И дело не в том, что наука развращена финансовой зависимостью от больших
корпораций и государственных учреждений. Наука просто не в силах дать адекватный
ответ. [Пятнадцать лет назад экологи предсказывали исчезновение лесов, а сегодня
проблемой стало слишком большое разрастание деревьев…] Теория рискованного
общества подчеркивает иррациональность нашего существования: нам вновь и вновь
приходится принимать решения, хотя мы знаем, что не способны это делать, что
решение наше будет случайным. Ульрих Бек и его последователи призывают к
демократическому обсуждению всех возможностей и достижению консенсуса, однако
это не решает дилеммы, которая повергает нас в ступор: почему демократические
обсуждения, в которых участвует большинство, приведут к лучшим результатам, ежели,
как известно, большинство невежественно? Политическая фрустрация большинства,
таким образом, понятна. Его призывают решать, в то время как оно получает послания,
по поводу которых не может ничего эффективно решить, то есть объективно взвесить
все pro и contra. Не случайно рождаются "теории заговора", эти отчаянные попытки
хотя бы в минимальной степени овладеть навыком, который Фред Джеймисон
обозначил термином "эвристическое картографирование". Джоди Дин [3] привлекла
внимание к любопытному феномену, отчетливо обнаружившемуся в "диалоге немых"
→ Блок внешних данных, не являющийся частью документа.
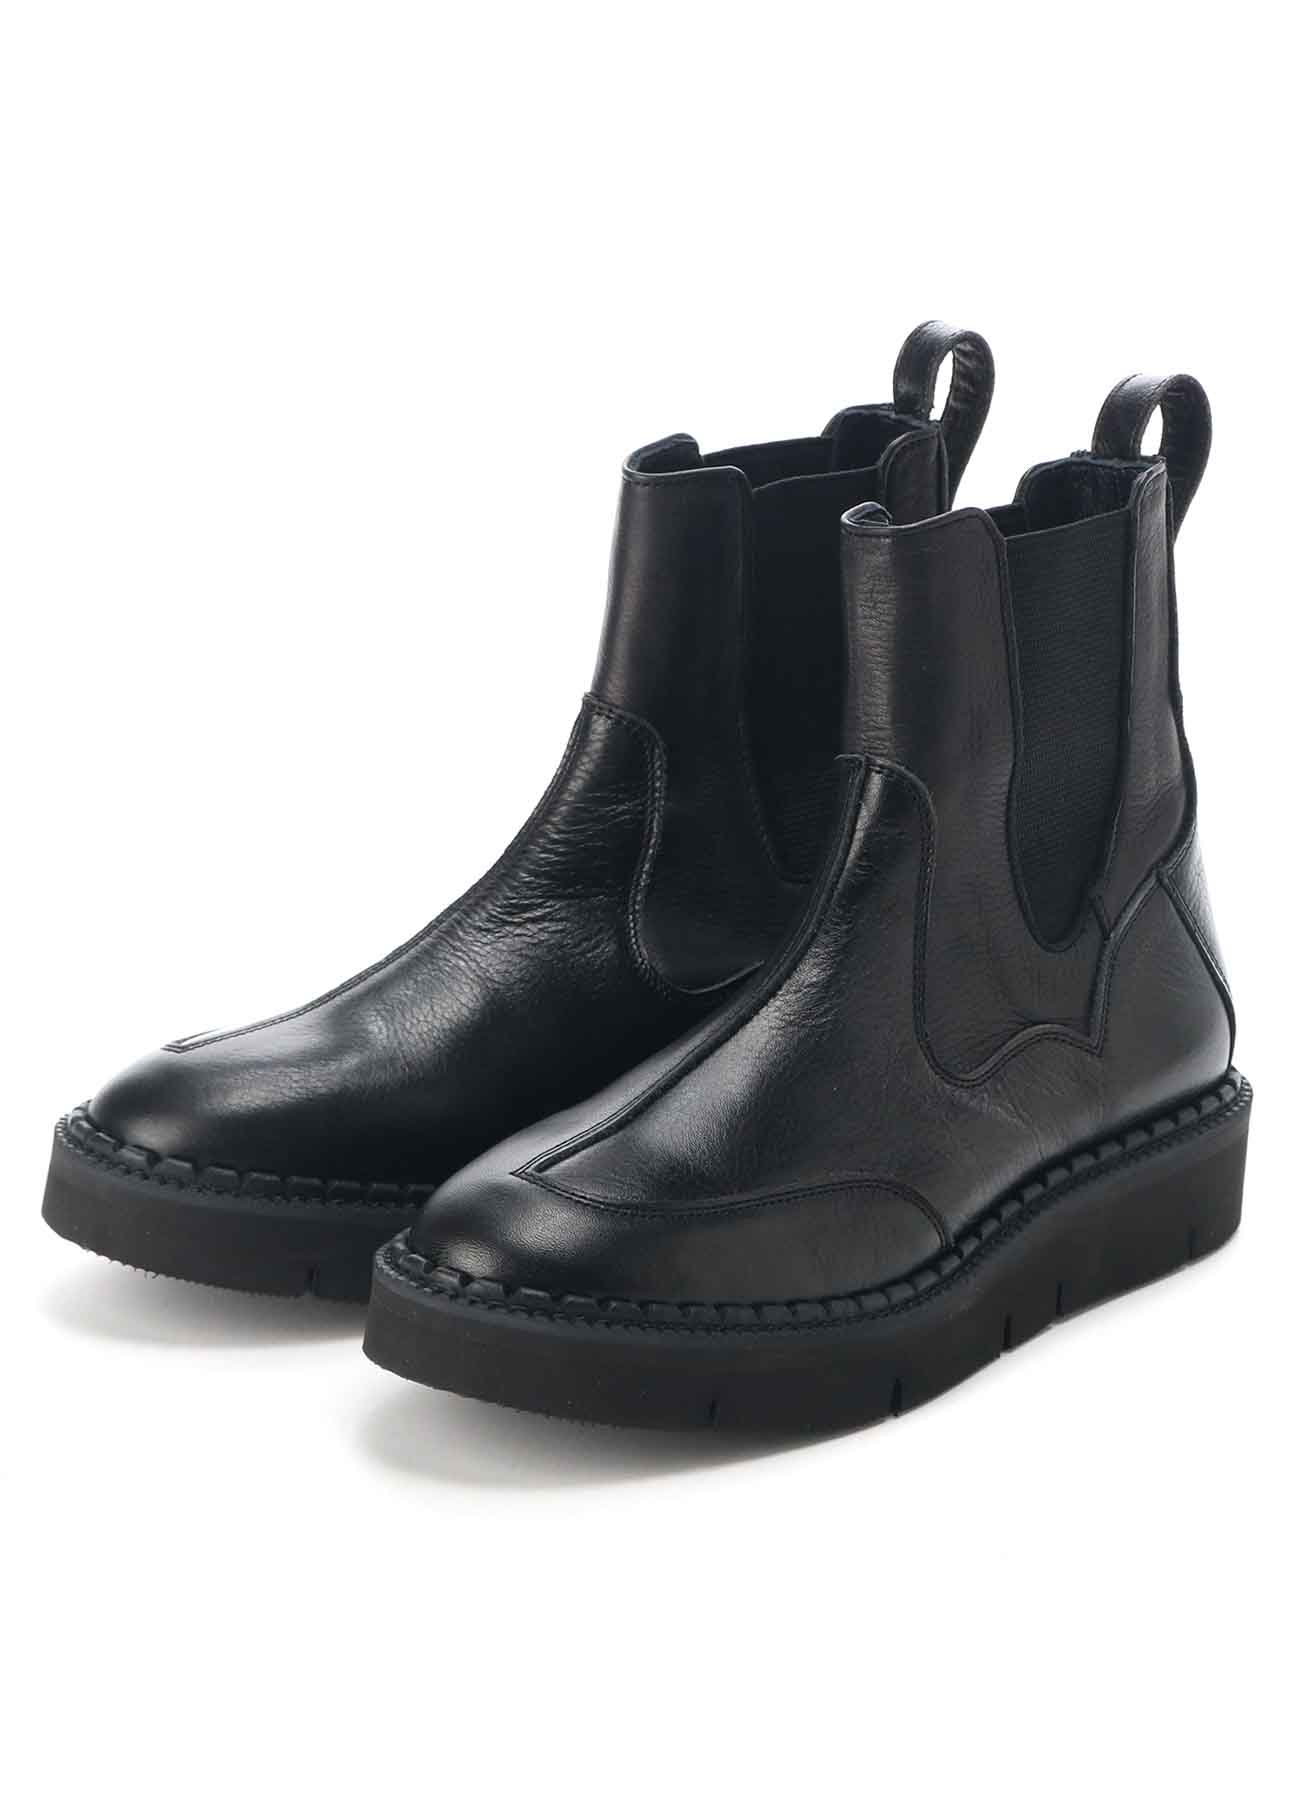 LEATHER COMBI SIDE GORE BOOTS

между официальной ("серьезной", институциализированной в академических
учреждениях) наукой и обширным доменом так называемых псевдонаук, от уфологии
до тех, что пытаются расшифровать тайны пирамид. Нельзя не дивиться тому, как
официальные ученые запросто управляются своими догматическими методами, в то
время как псевдоученые обращаются к фактам и аргументациям, свободным от ходячих
предрассудков. Конечно, ответ может быть только один: традиционные ученые говорят
от имени власти большого Другого той или иной научной институции. Но проблема
заключается в том, что именно этот большой Другой науки вновь и вновь раскрывается
как символическая фикция. Таким образом, когда мы сталкиваемся с "теориями
заговора", мы должны действовать в духе адекватного прочтения "Поворота винта"
Генри Джеймса: не следует ни принимать существование призраков как части
(нарративной) реальности, ни сводить их в псевдофрейдистском духе к проекции
истерической сексуальной фрустрации героини. "Теории заговоров", разумеется, нельзя
принимать как факт, но нельзя и сводить их к феномену современной массовой истерии.
Это явление по-прежнему базируется на большом Другом, на модели нормального
восприятия социальной реальности и таким образом не берет в расчет реальность в том
ее понимании, которое сегодня рушится. [Проблема не в том, что уфологи и
конспирологи регрессируют к позиции параноика, неспособного принять (социальную)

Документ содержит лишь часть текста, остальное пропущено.